Many of us suffer from an overactive life where time just whizzes by at light speed. The more active we are, the longer our to-do list, the more often we realize that time passed us by. Our attention is so frantic. Our minds just can’t keep up.
I’m 100% in this camp. I get on a work treadmill that takes me from farm work to my dayjob to my work with Manna Co-op, and, oh, shouldn’t we try to clean the house sometime? Weeks have gone by like this and I realize it’s already August. We’re already at week 7 and next week is the half-way mark through the CSA season! This has been the pattern for the 12 years I’ve been doing CSA and the experience of many in Minnesota – as soon as the summer starts, you can already see the end. That’s natural.

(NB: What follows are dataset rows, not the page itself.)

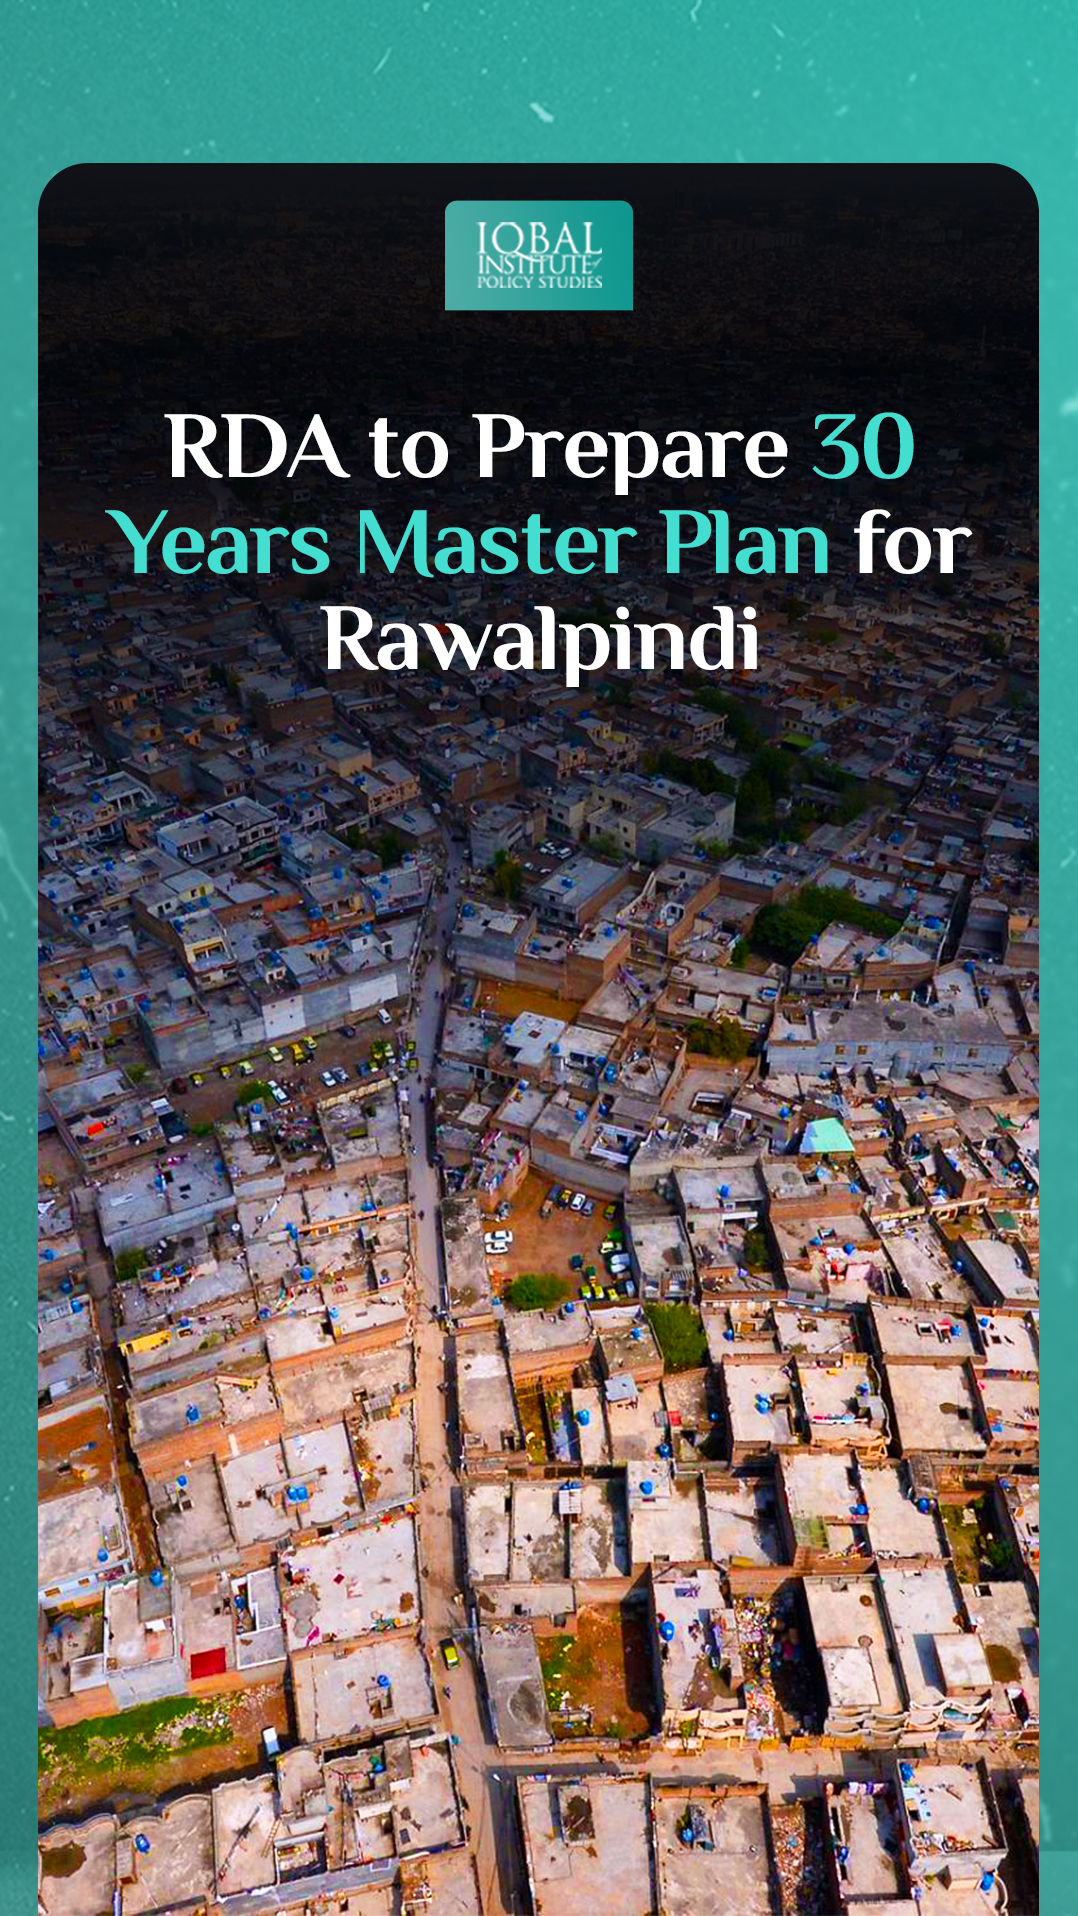 RDA to prepare 30 years master plan for Rawalpindi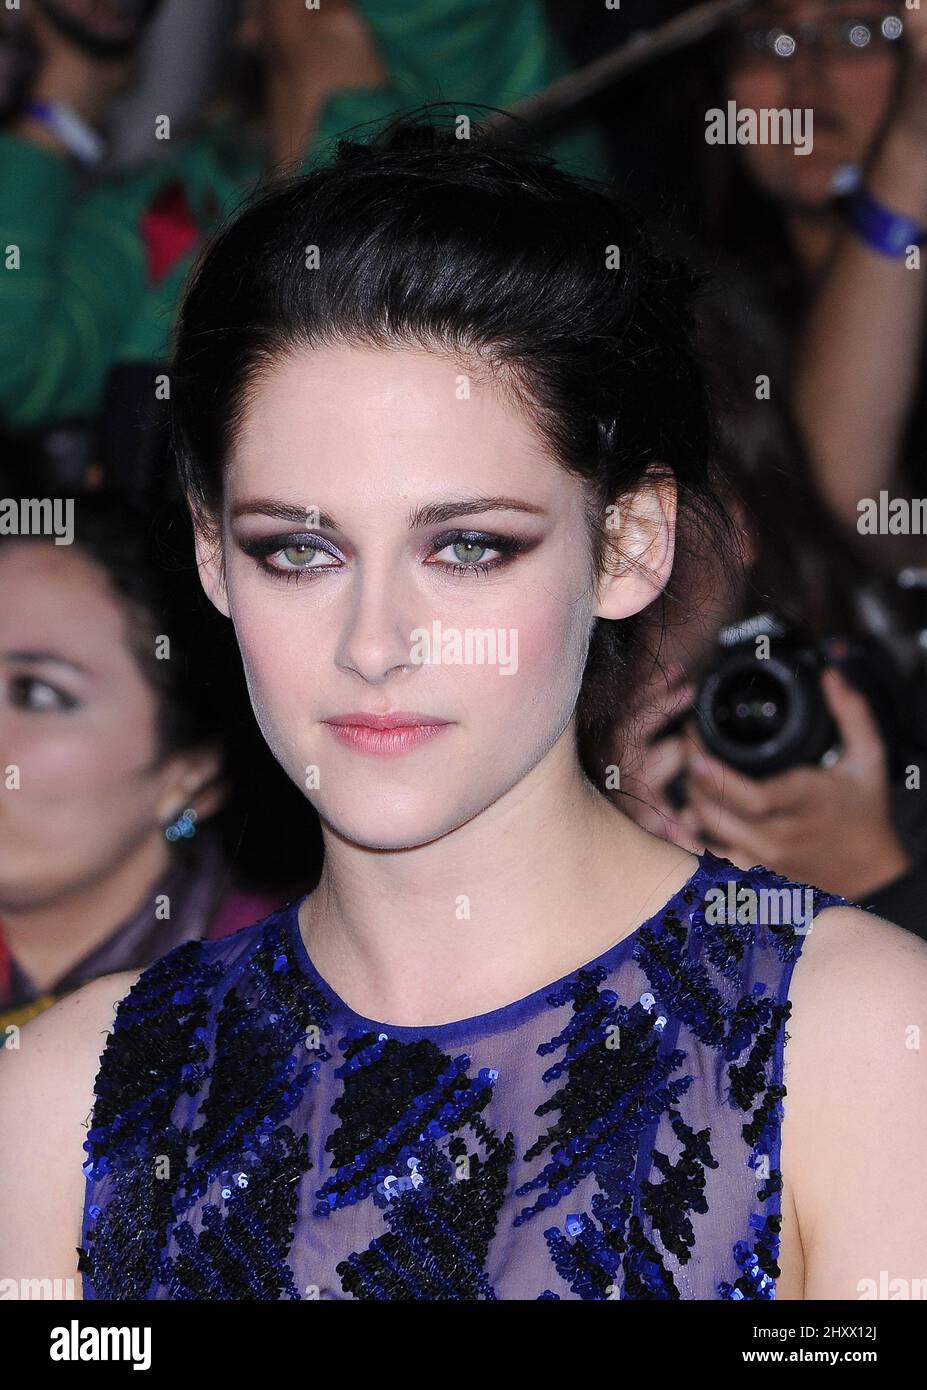 Kristen Stewart attending the premiere of 'The Twilight Saga: Breaking Dawn - Part 1' in Los Angeles, USA. Stock Photo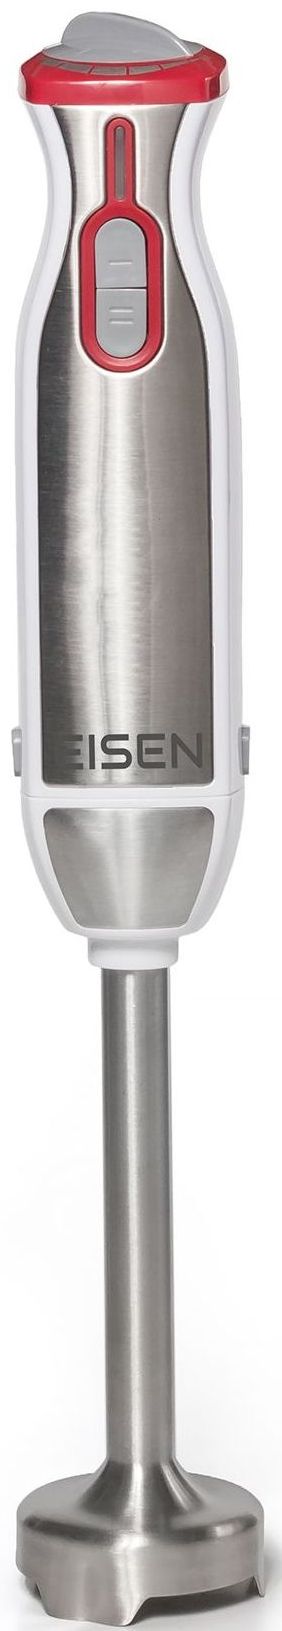 Блендер Eisen EBSS-001W цена 2035 грн - фотография 2

The problem is that this same pattern plays out across longer time periods. My oldest child, Sylvia, is now 13 years old! I’ve been married 17 years and graduated 23 years ago! What happened? I honestly don’t like these realizations, especially when I conclude that a fevered focus on work has left me with nothing but a blurry recollection of time. I was just moving too fast to soak anything in.
So, how does one slow down time? Presence. This one simple concept is so meaningful and will only grow in importance in our era of distraction (yes, I’m talking to you Facebook user). Our attention is really all we have and I have actively tried to shift mine over the past two years. For me, it’s a practice of getting out of my tunnel vision and redirect my presence on each person or moment. But it is also a practice and I keep on working on it (I didn’t say I was good at it).
At Lida Farm, as example, no matter how much work remains on the list, we take the kids swimming about every other day in the summer. I jump in and cool off for about 5 minutes and then just sit and watch them play. I don’t check email, I don’t try to multitask anything. I just sit there and pay attention to the moment. These hour breaks won’t cause the farm season to fall apart, but they will make the moments which make life worth living.
So, turn off notifications on your phone right now. Drop all un-necessary tasks – do you really care about what your neighbors think about your lawn? Pay attention or you too may realize that life happened quicker than you wanted.
In the box:
- Sweet corn
- Tomato mix
- Bunch of carrots
- Green Pepper
- Islander Purple Pepper
- Zucchini: We took a couple week break from zucchini, but after a little time off, maybe you’all are ready for another.
- Red Potatoes
- Eggplant: Most of you got Japanese eggplant (long, slender type), but some got a traditional Italian style.
- Sweet Onion
- Thai Basil: This has a bit of a liqorice flavor and great in a lot of Asian cooking such as a curry or Thai.
Instead of dumping a single recipe here, I suggest you’all check out this about uses for Thai basil: https://www.seriouseats.com/2014/09/you-should-use-thai-basil-southeast-asian.html There is even a great-looking recipe for that uses both the eggplant in the box with Thai basil. Check it out.
One thought on “How to Slow Down Time”
I drive by your stand more than several times a year. We have had a family cabin on Otter Lake for 53 years. Our slice of heaven and weekend therapy. Just saw the documentary “The Biggest Little Farm”. Also read the piece in today’s Star and Trib about the organic farm down by Rochester. You’re all doing something great, keep it up. I enjoyed reading your perspective on leading a purposeful life. Spot on and appreciated!